** GIVEN INFORMATION follows **

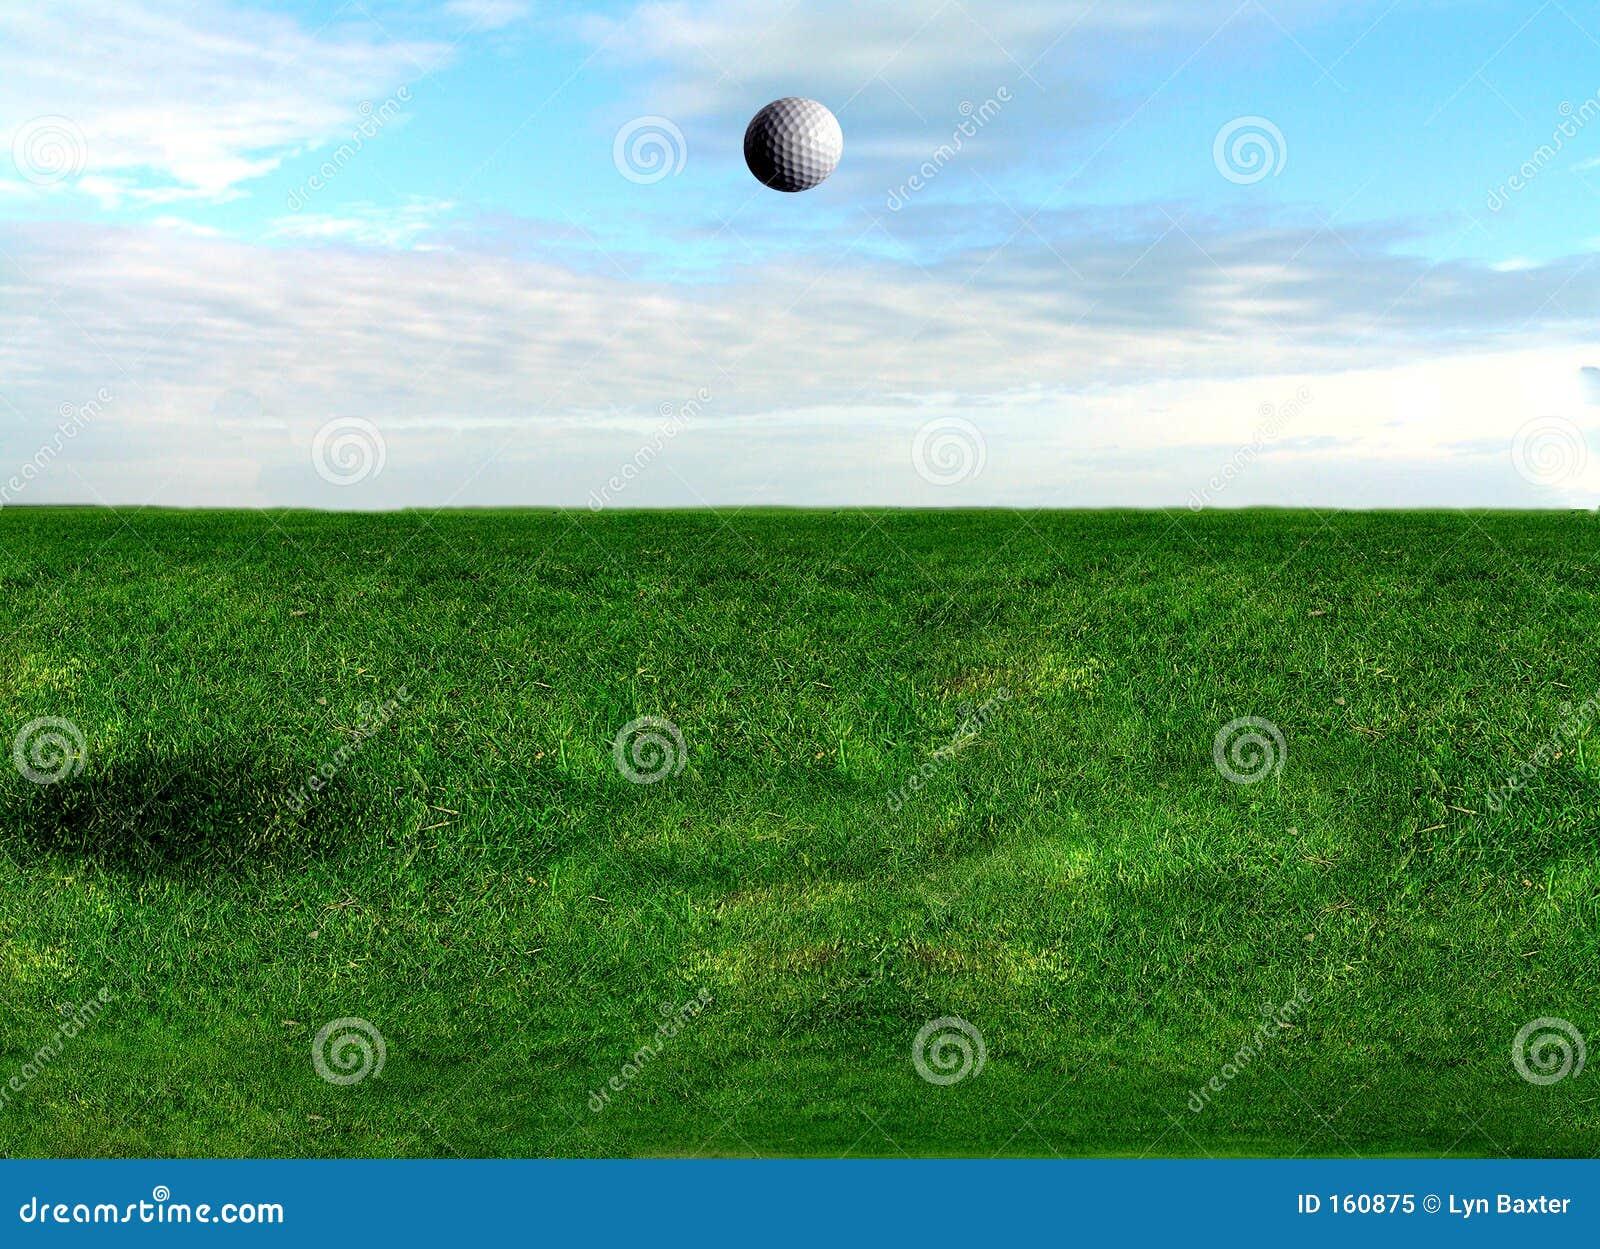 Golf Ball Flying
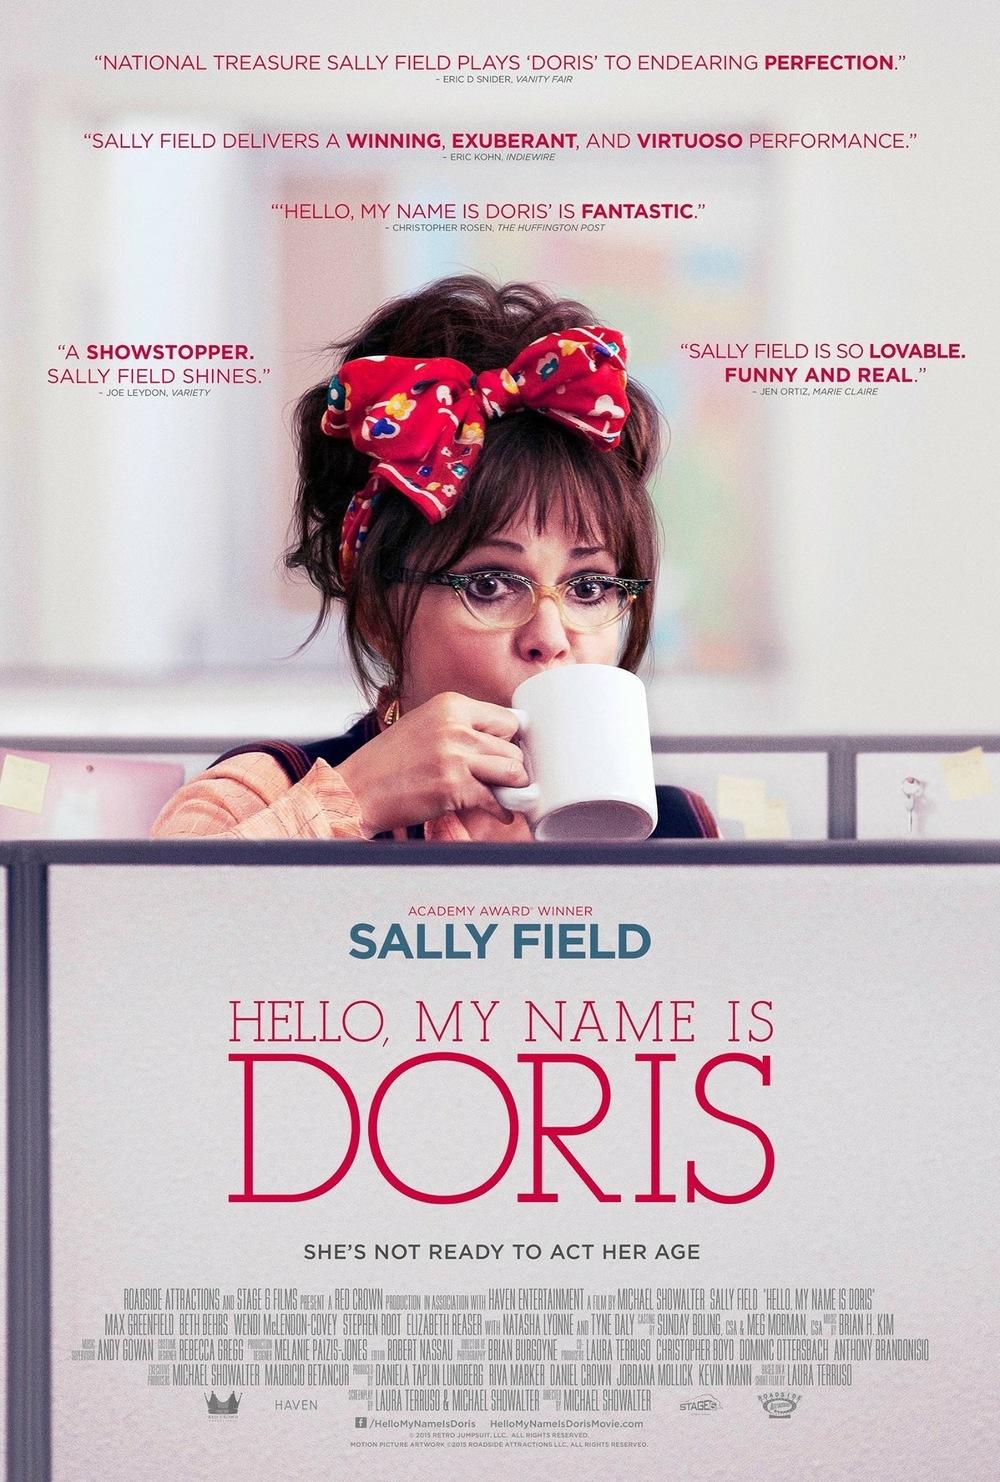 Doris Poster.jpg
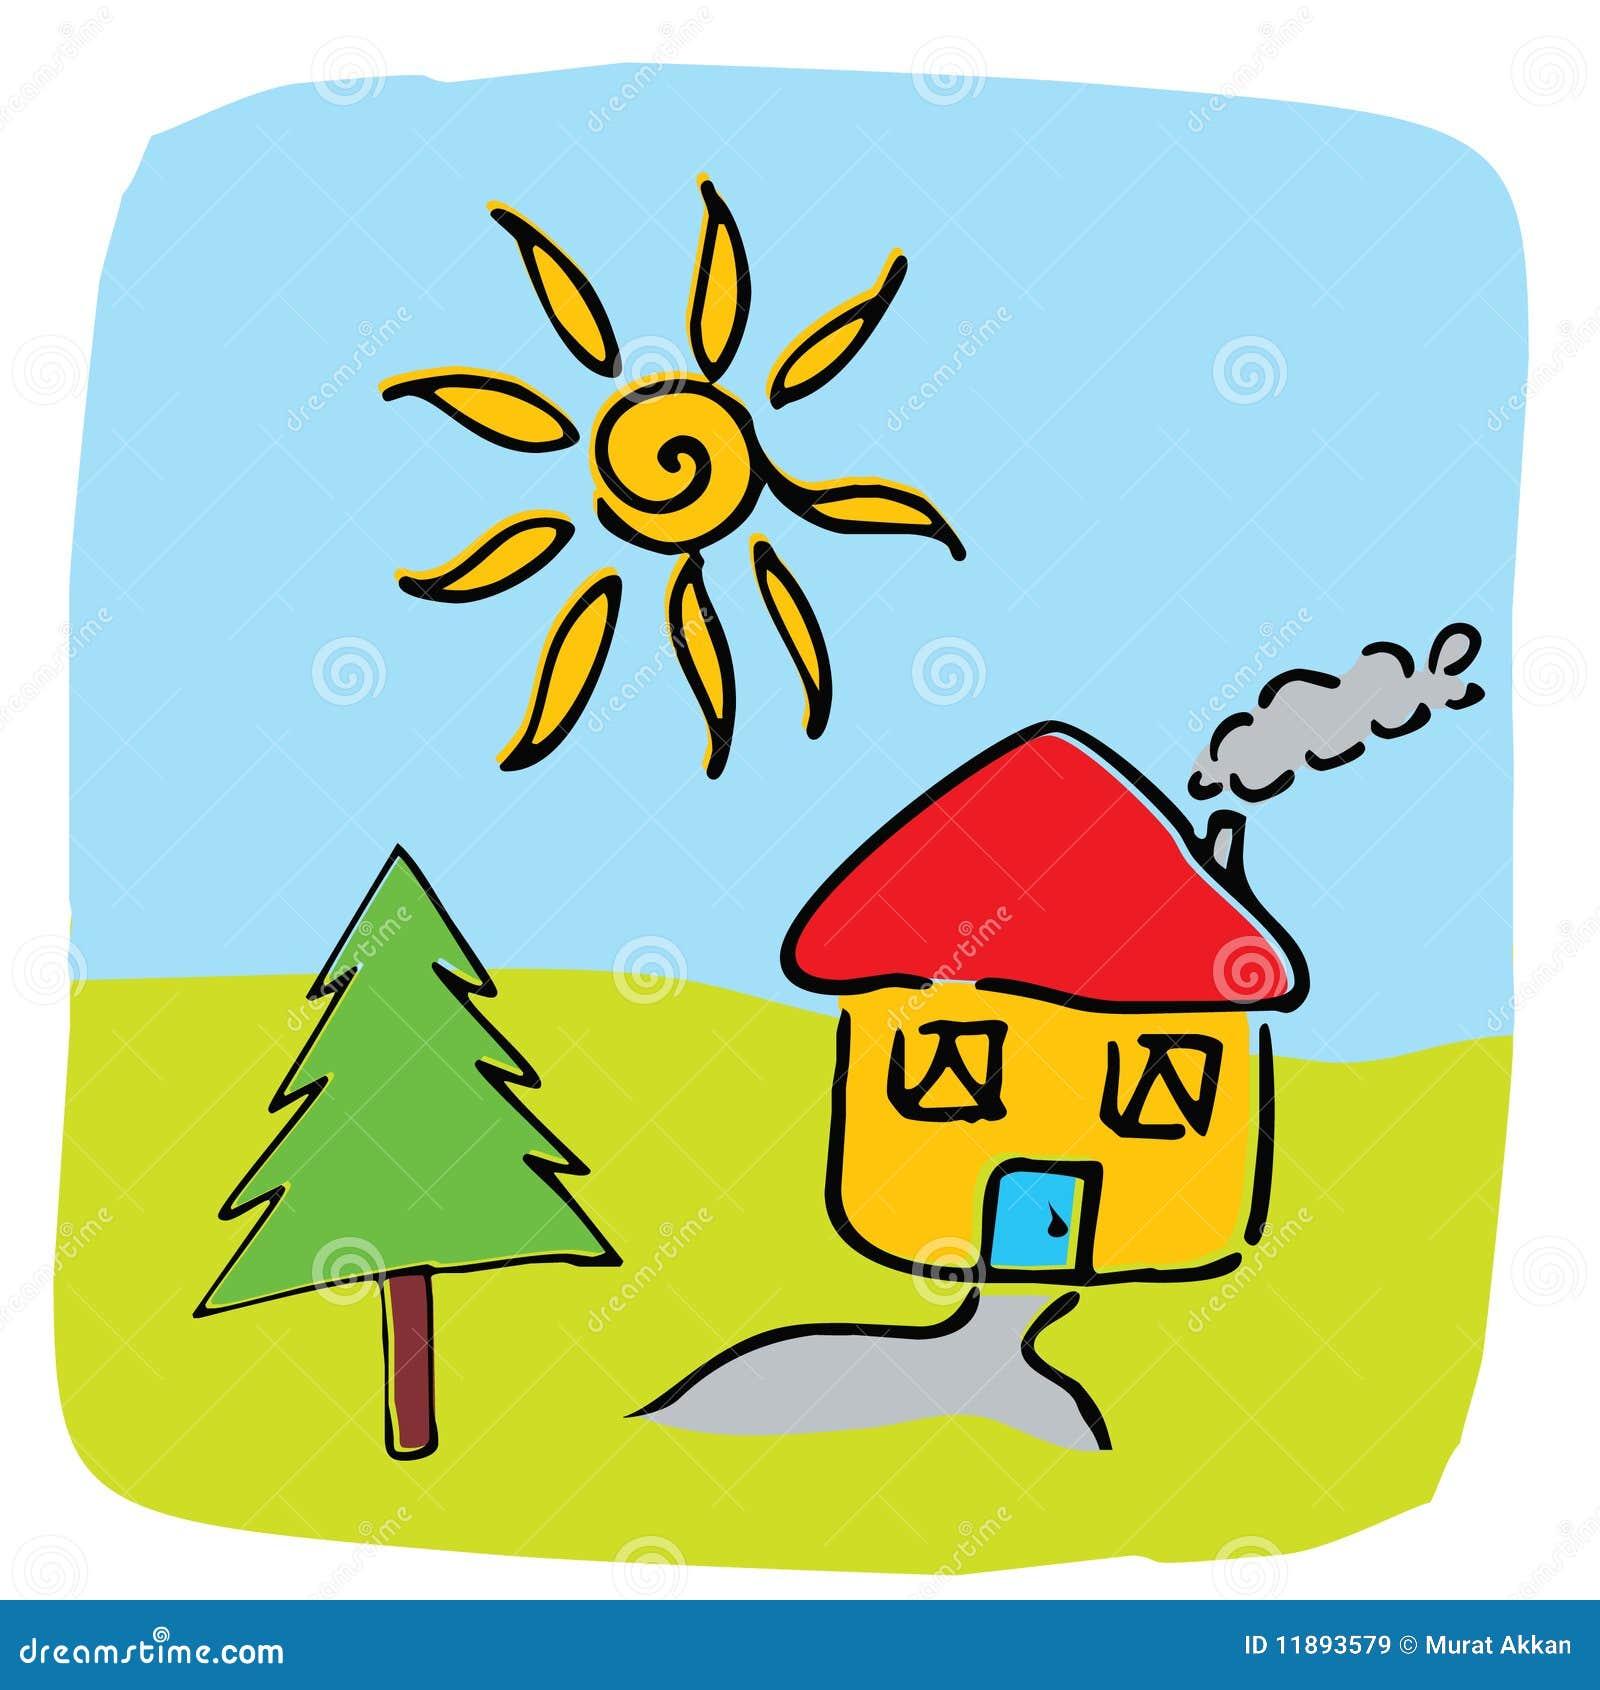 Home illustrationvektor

** End of GIVEN INFORMATION **

## WHAT IS BEING ASKED:
Copy out each line of the data exactly as it reads; skip the pictures.

## EXPECTED ANSWER:
 Golf Ball Flying
 Doris Poster.jpg
 Home illustrationvektor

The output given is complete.